Benefits of having a group life insurance plan
1. Free life cover
Compared to an individual life insurance plan, the group life insurance policy is free and provides default life coverage to the employee as an incentive.
2. No prerequisites
With an individual life insurance policy, the insurance company considers several factors, including your lifestyle habits and medical history, before issuing it. However, there are no prerequisites for subscribing to a group life insurance plan.
3. Hassle-free claims process
The claims process for a group life insurance policy is usually quick and easy. The employee or his dependents need only submit the required documents to initiate the process of settling the claim.
1. Low premiums
Premiums payable under a group life insurance policy are paid by employers. Instead of purchasing individual life insurance plans, employers can significantly reduce expenses by opting for group insurance plans that cover the same number of employees.
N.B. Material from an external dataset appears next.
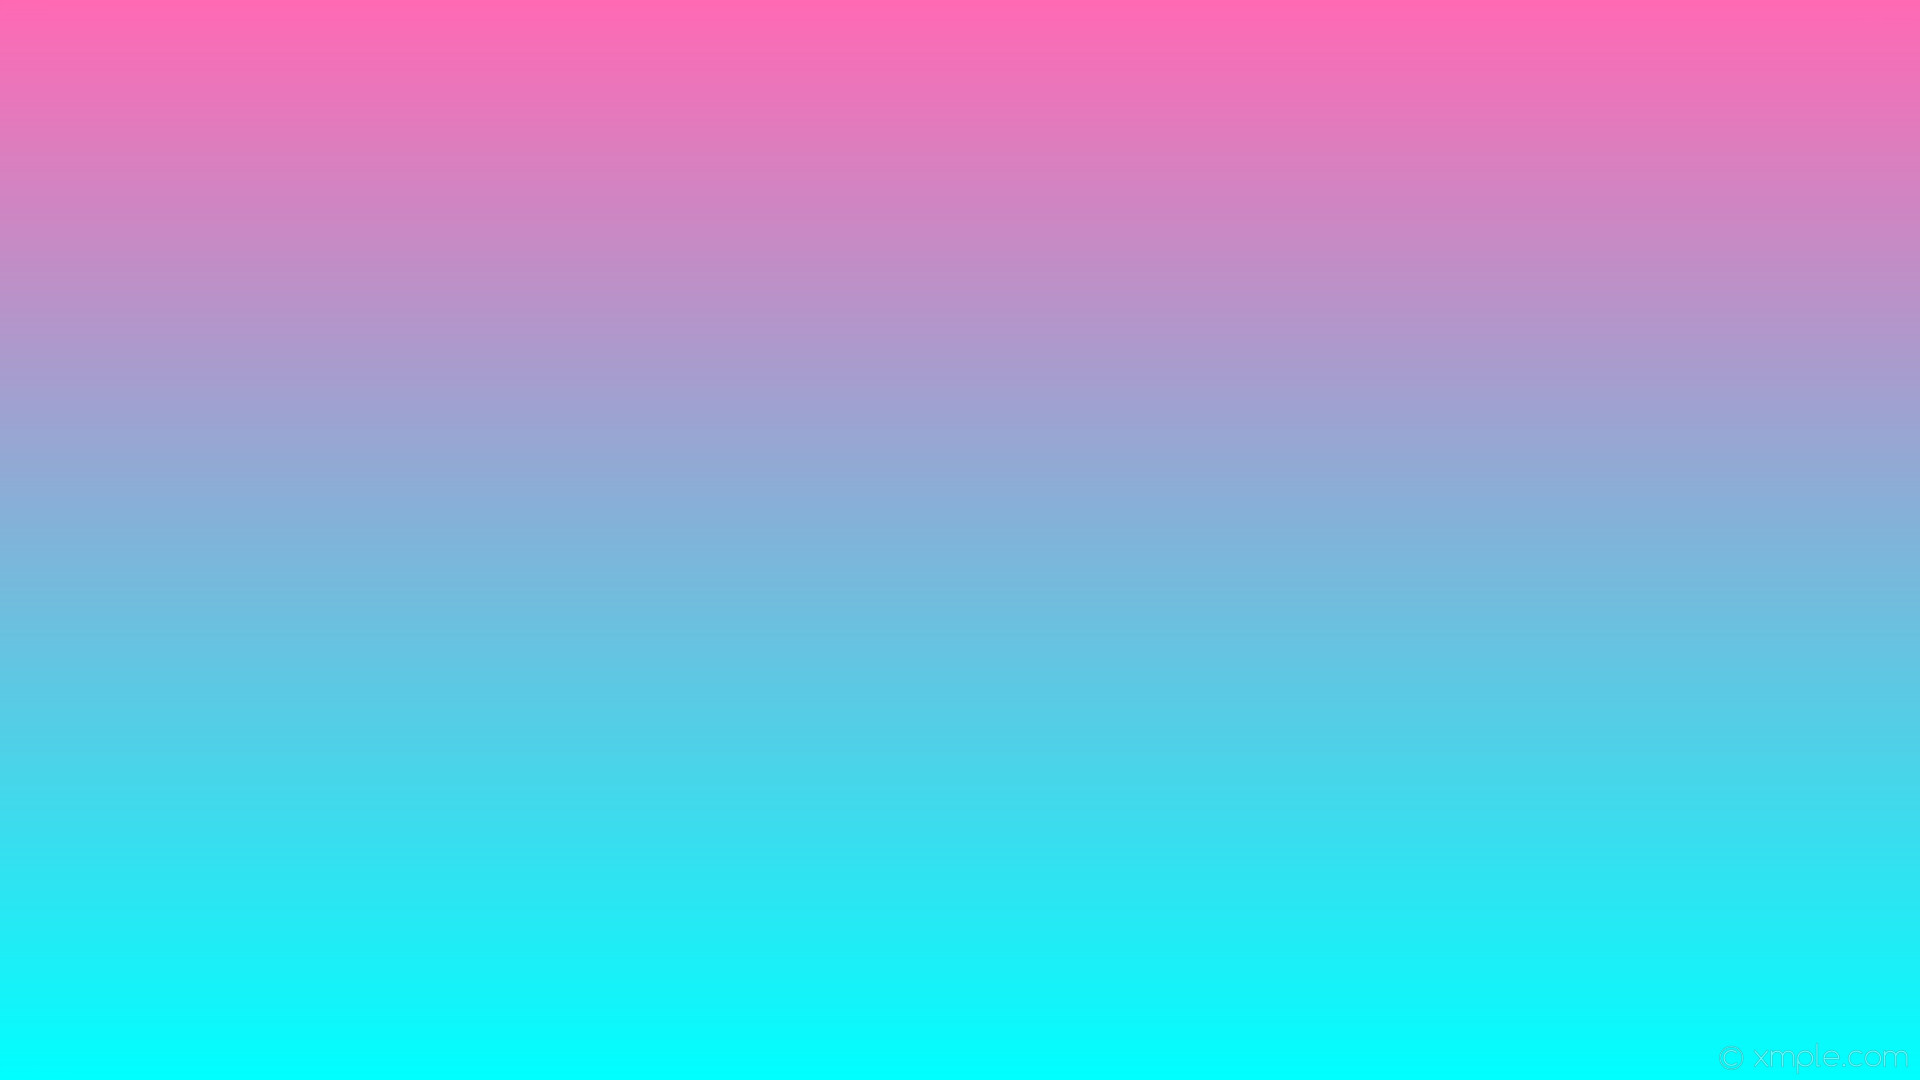 Wallpaper Blue Pink Gradient Linear Hot Pink Aqua Cyan And Hot Pink

2. Strong employee retention
To the extent that this requirement is statutory, many companies continue to default. The protection of a group life insurance policy as an incentive has been observed to reduce employee attrition rate, increase employee retention, and boost overall loyalty and productivity.
3. Good morale among employees
The security and peace of mind that a group life insurance policy provides helps keep employees stress-free and allows them to focus on the essential tasks at hand.
Linking group life insurance and group credit insurance
It would be a mistake to conclude that group life insurance exists solely for the purpose of providing coverage to members of identifiable groups. On the contrary, group life insurance in the form of group credit life insurance policies is rapidly becoming an essential part of the country’s financial ecosystem, especially with the worrying growth of non-performing loans. .
Group borrower insurance is an agreement between the insurance company and lending financial institutions (e.g. commercial banks, microfinance banks, Fintech platforms, mortgage banks, etc.) that provides cover insurance for loans issued by the financial institution in question, subject to the terms and conditions agreed between the parties.
This not only saves lending financial institutions costs that would otherwise have been spent on recovery efforts, but also protects or reduces the liability of dependents for the outstanding balance of a credit facility taken out by their breadwinner. .
Simply put, group credit life insurance is a type of life insurance policy designed to pay off a borrower’s outstanding debts in the event of the borrower’s death. If your spouse or someone else is a co-signer on your loan or mortgage, credit life insurance would protect them from loan payments after your death.
Life is full of uncertainties, and although we are currently better equipped to analyze risks and calculate probabilities, no one can take into account all the possibilities. This creates risks not only for individuals or groups of individuals but also for financial institutions which play an indispensable role in the economy of any modern society. Perhaps this is why group life insurance is so essential, as its benefits extend beyond the individual, to society at large. Indeed, besides the obvious benefit of providing assistance to dependents of employees, it has helped to deepen insurance penetration by demonstrating to the wider population that insurance does indeed work in Nigeria.